Schizophrenia Clinical Trial

Official title:
A 38-week, Multicenter, Randomized, Double-blind, Active-controlled Study to Evaluate the Efficacy, Safety, and Tolerability of an Intramuscular Depot Formulation of Aripiprazole (OPC-14597) as Maintenance Treatment in Patients With Schizophrenia

Clinical Trial Summary

The purpose of the this trial is to evaluate the efficacy, safety, and tolerability of an intramuscular (IM) depot formulation of aripiprazole as maintenance treatment in patients with schizophrenia

The trial is designed into three treatment phases.
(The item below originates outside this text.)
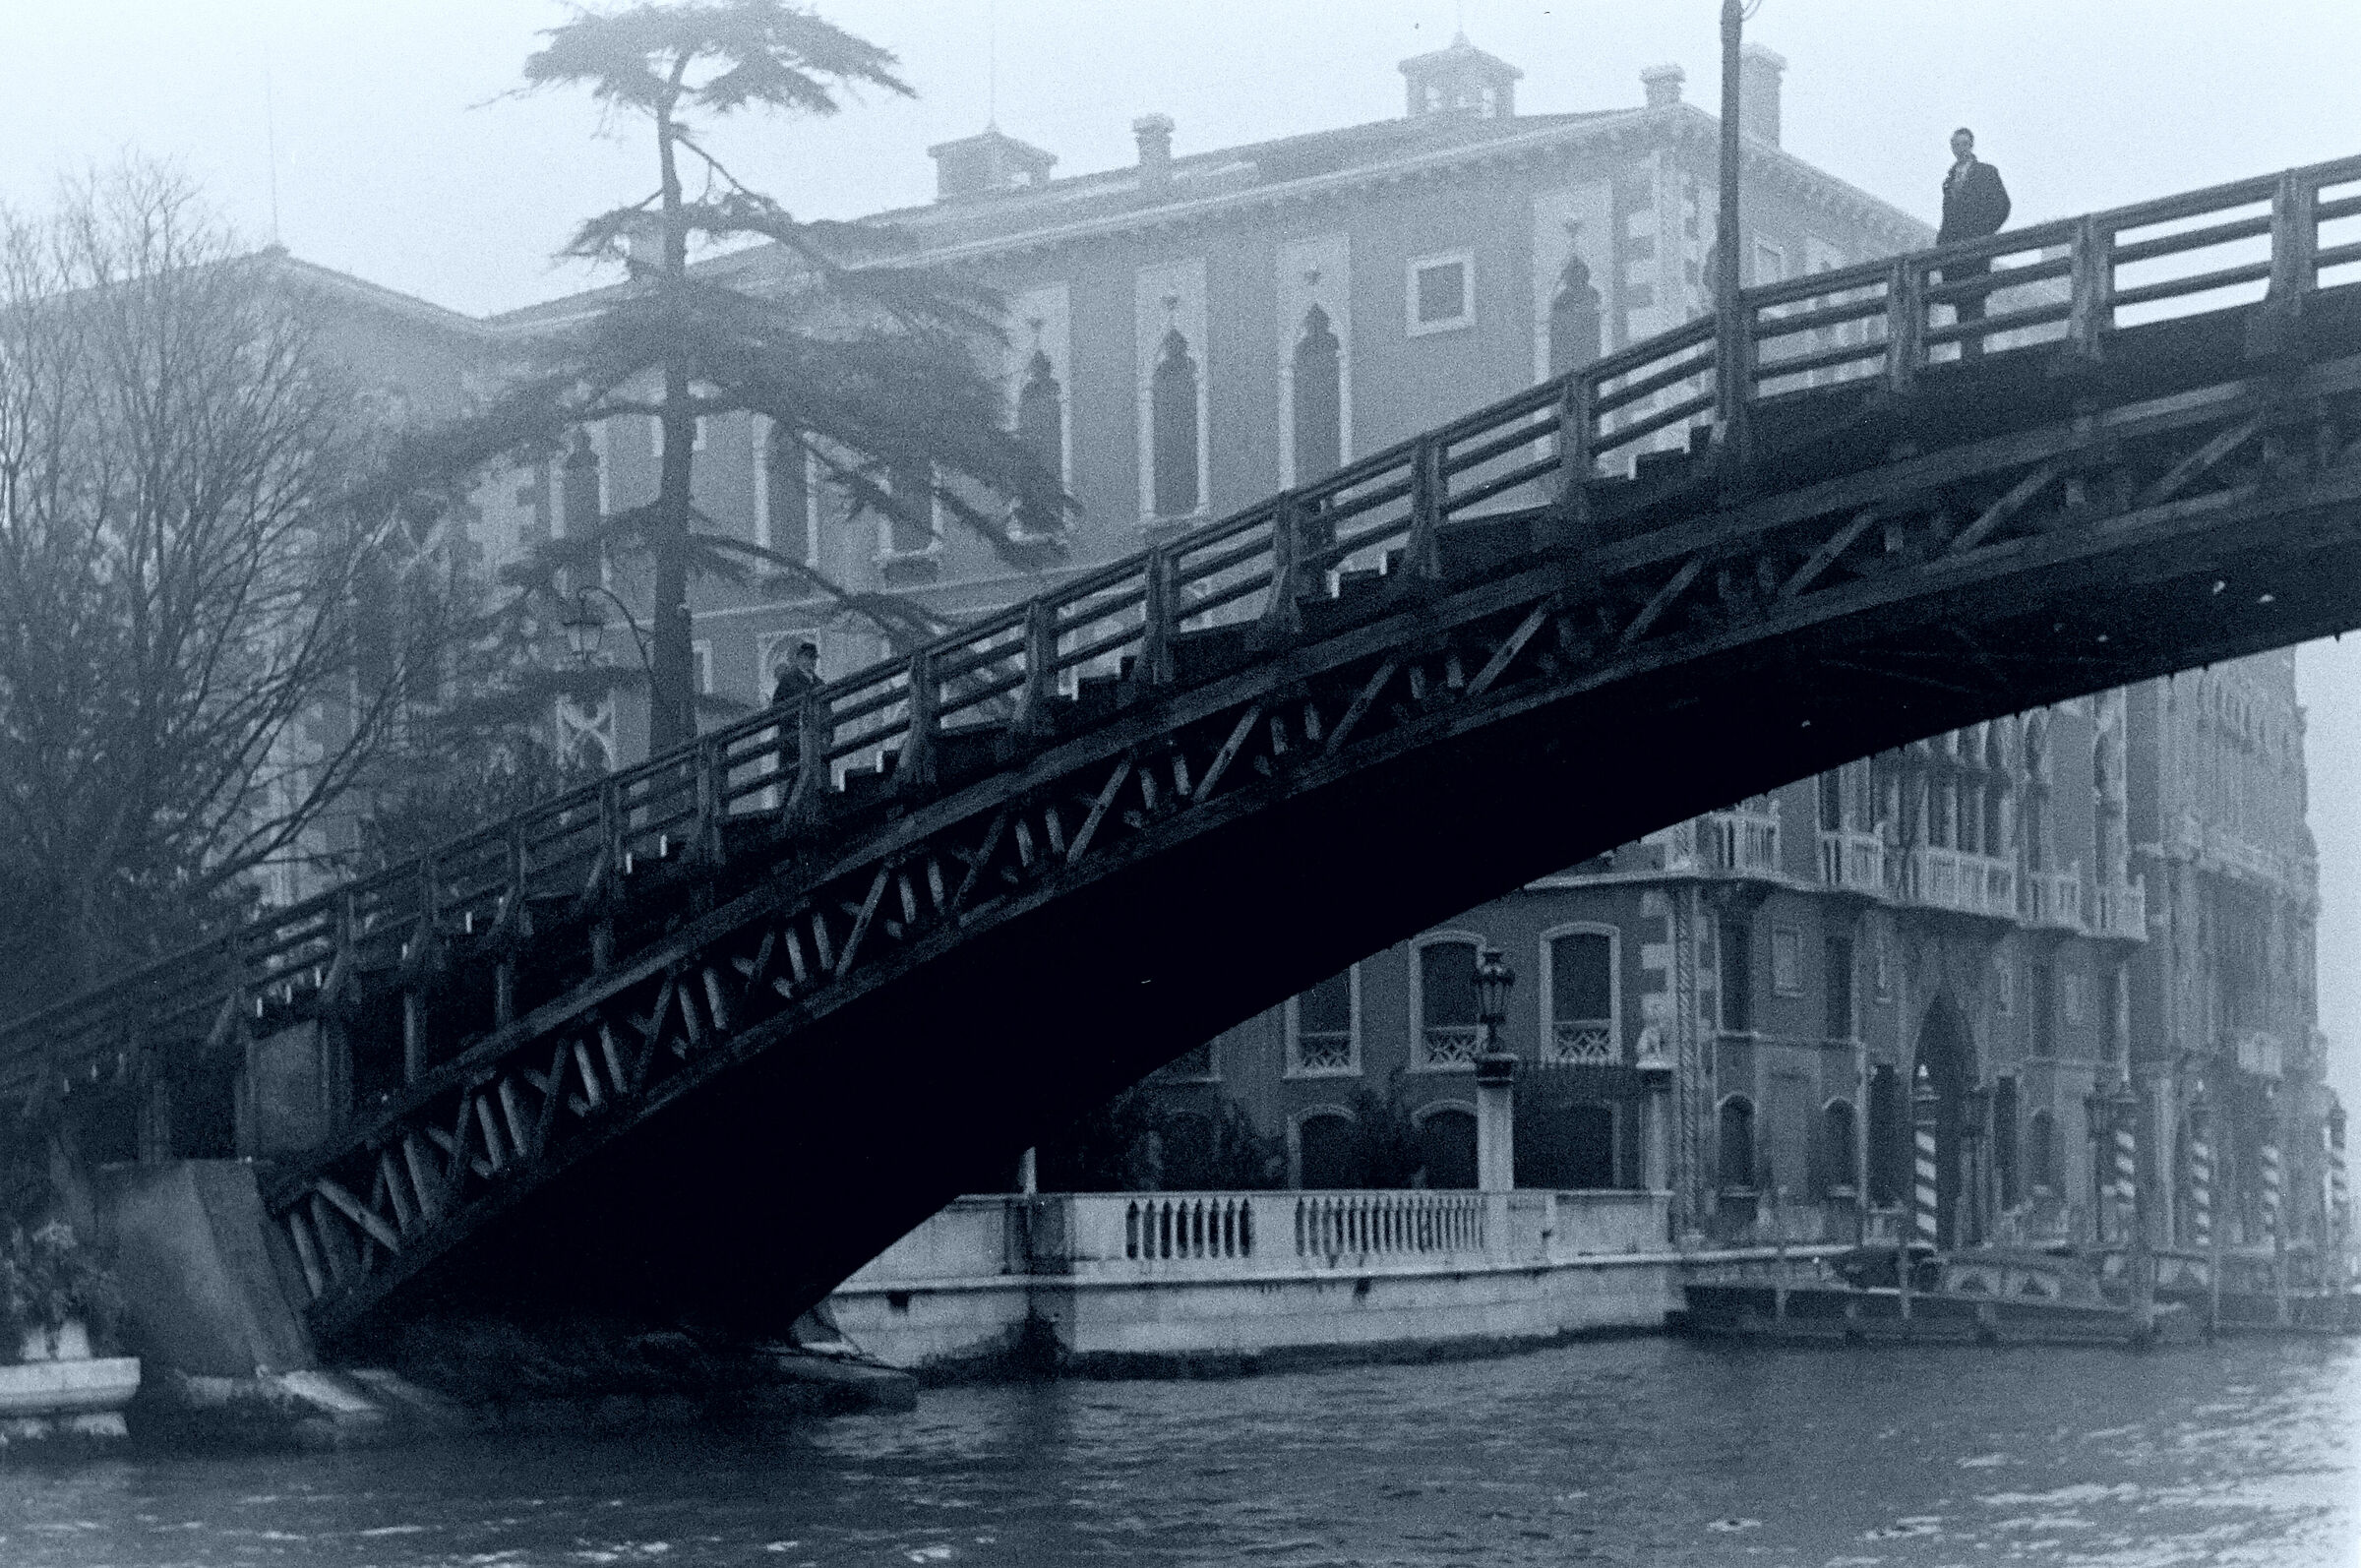 venezia 1970...

Phase 1 is designed to allow for a subject to be converted from the current anti-psychotic treatment to oral non-generic aripiprazole monotherapy (oral conversion phase from 4 to 6 weeks). During Phase 2 the subject will be stabilized on oral non-generic aripiprazole monotherapy. Once the subject is stabilized in Phase 2 (oral stabilization phase from minimum 8 weeks to maximum 28 weeks), they are eligible to be randomized into the double-blind IM depot maintenance phase, Phase 3. During Phase 3, the subject will be assessed for exacerbation of psychotic symptoms and impending relapse for up to 38 weeks.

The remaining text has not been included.